Comment 1 Vijay Bellur 2012-04-19 19:34:18 UTC
Awaiting performance results from test run that includes patch at http://review.gluster.com/#change,3186 to determine whether it can be accepted.

Comment 2 Anand Avati 2012-04-20 16:15:37 UTC
CHANGE: http://review.gluster.com/3186 (performance/io-threads: Change the thread scaling logic.) merged in master by Vijay Bellur (vijay)

Comment 3 Anand Avati 2012-04-20 16:15:57 UTC
CHANGE: http://review.gluster.com/3187 (mgmt/glusterd: Make priority threads configurable) merged in master by Vijay Bellur (vijay)

Comment 4 Pranith Kumar K 2012-04-20 17:41:56 UTC
The issue is observed because the scaling of threads happens for the number of fops in iot queue.

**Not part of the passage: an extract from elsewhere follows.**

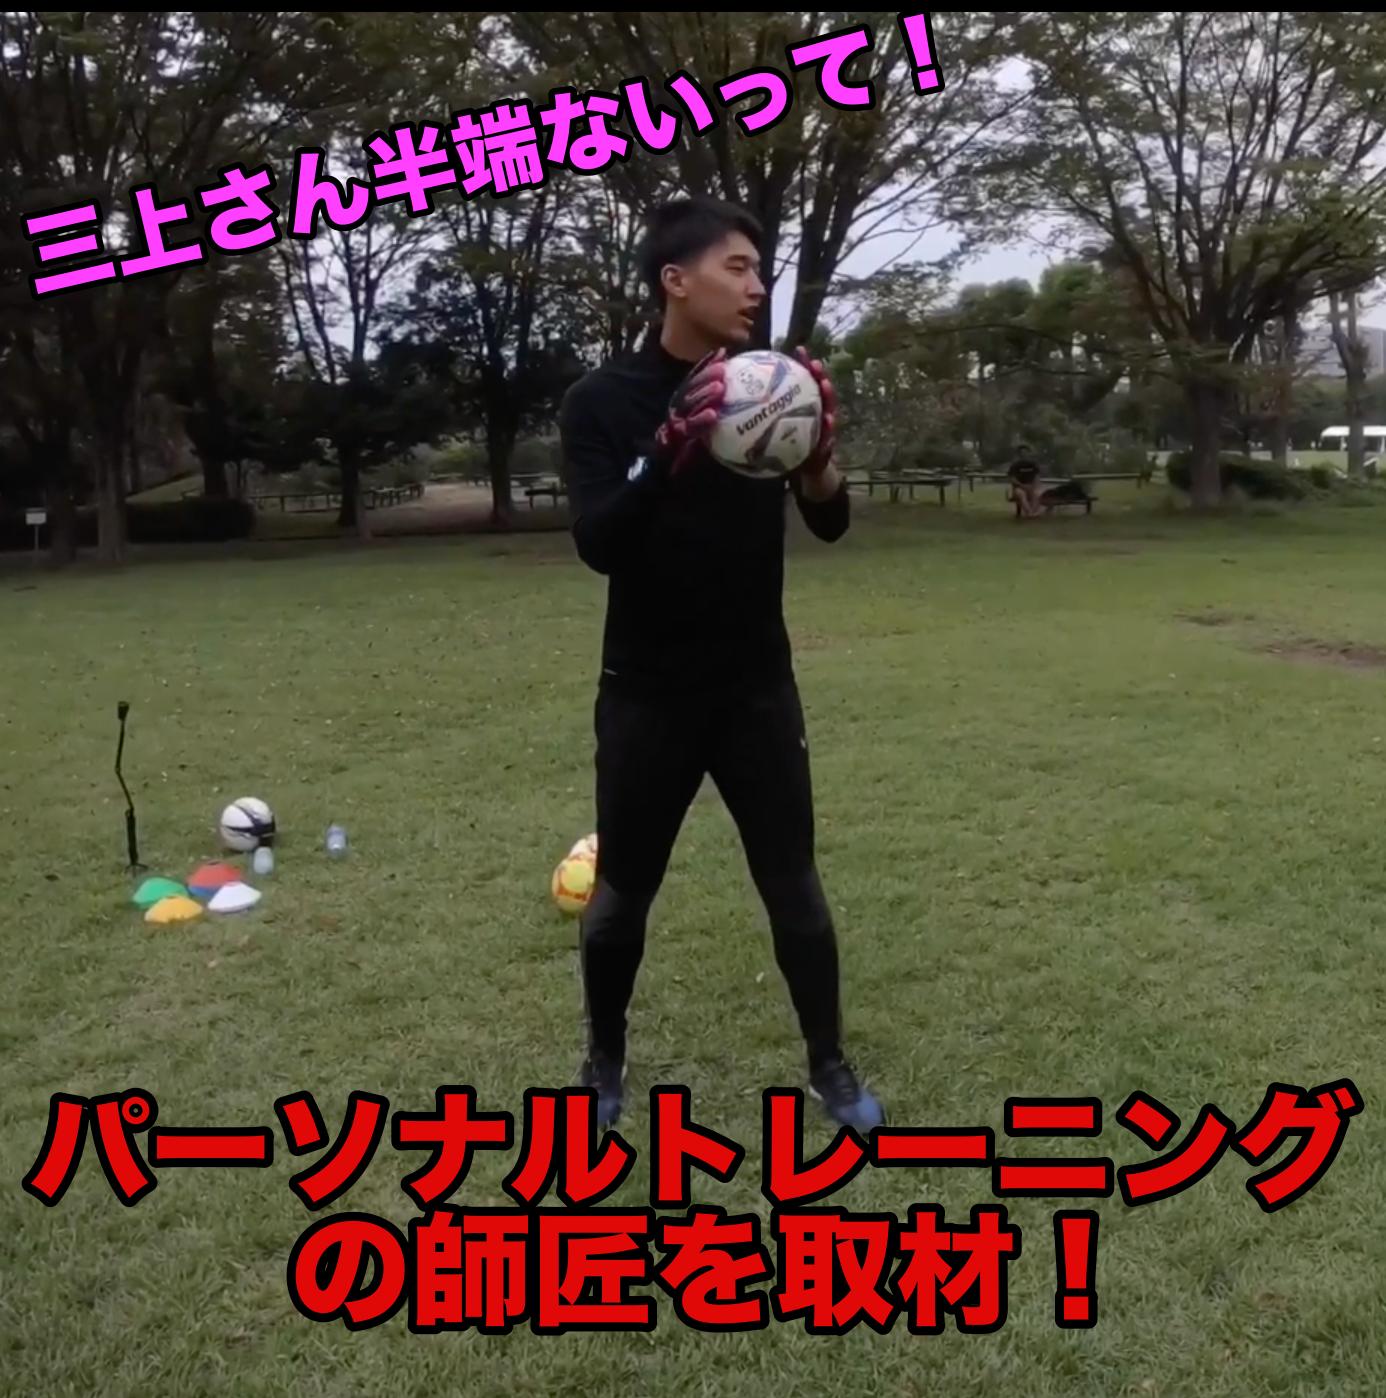 大人気三上綾太さんのパーソナルトレーニングを再び取材!今回の選手はなんと長野から!?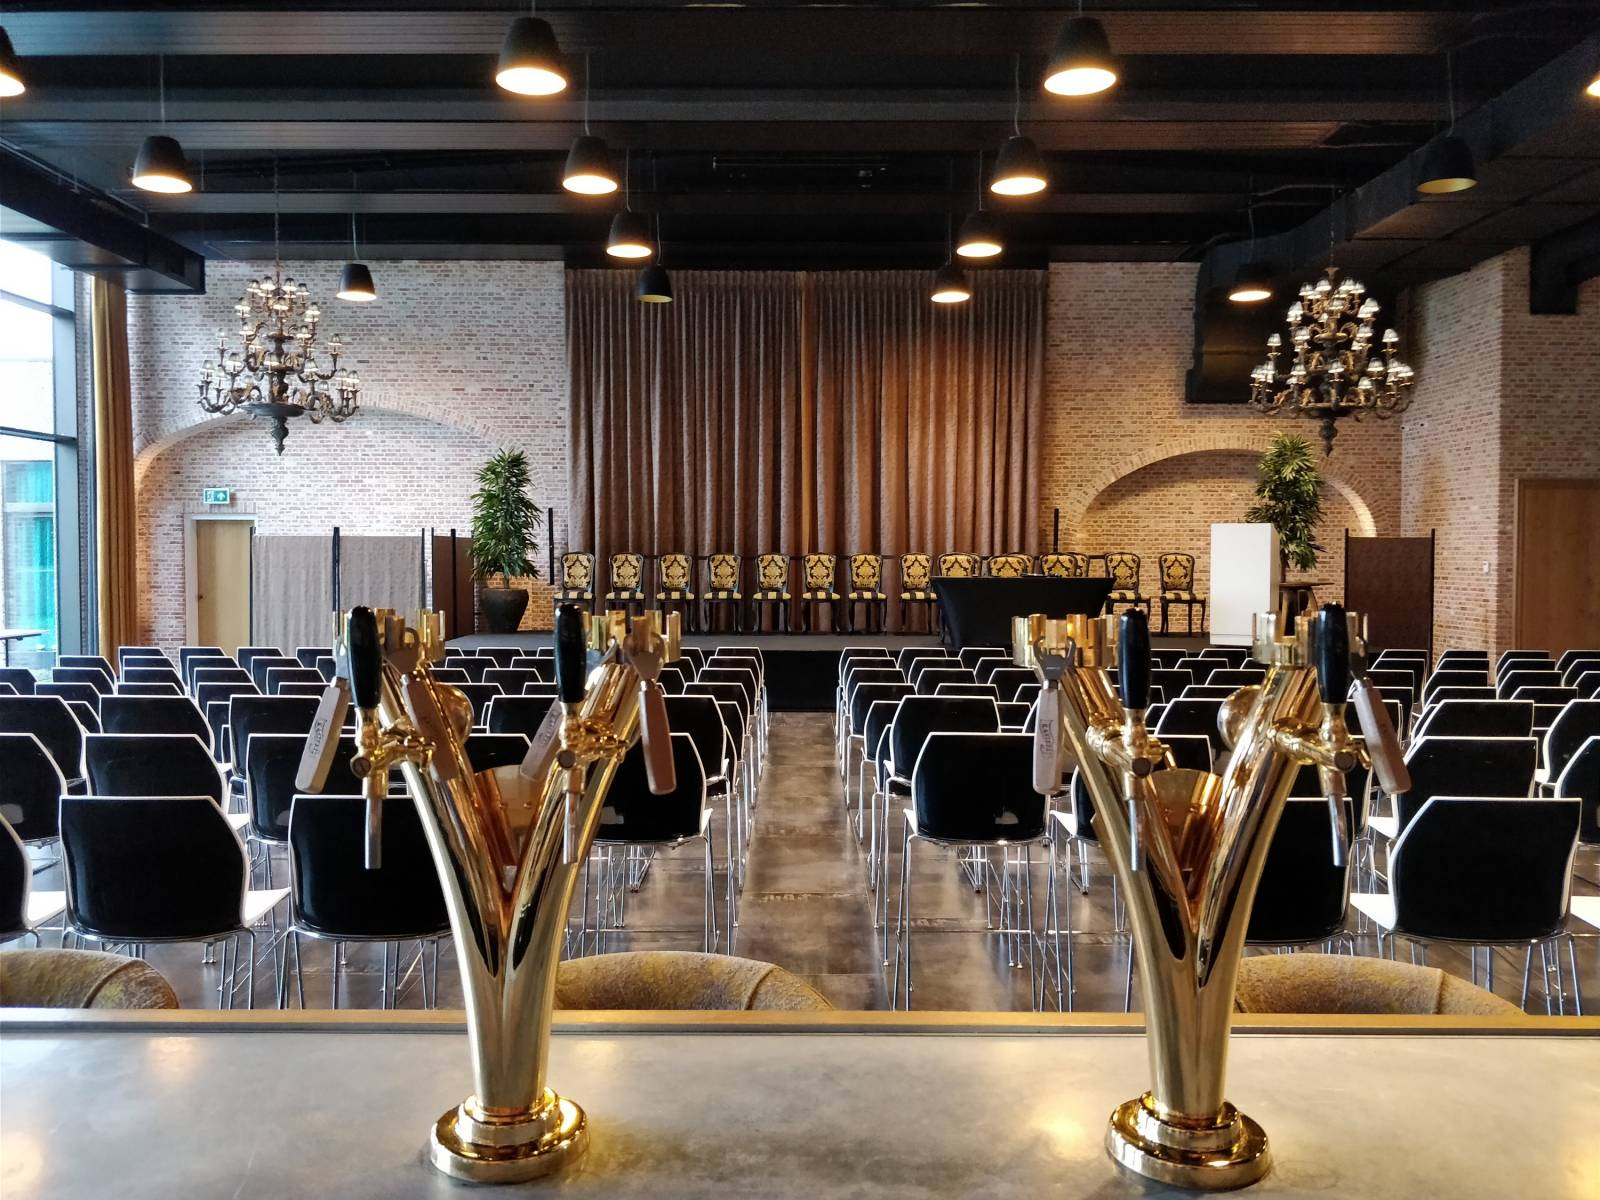 Het Bierkasteel - Feestzaal - Feestlocatie - Brouwerij - Restaurant - Industrieel - Izegem (West-Vlaanderen) - House of Events - 16

But Only 1 thread is allowed (because of the limit on least-prio-queue) to process the fops, so threads are spawned only to be terminated. The new change considers the limits on the queues before scaling up.

Comment 5 Raghavendra Bhat 2012-05-09 09:26:29 UTC
Checked with glusterfs-3.3.0qa40 and now CPU usage has been reduced while self-heal is going on.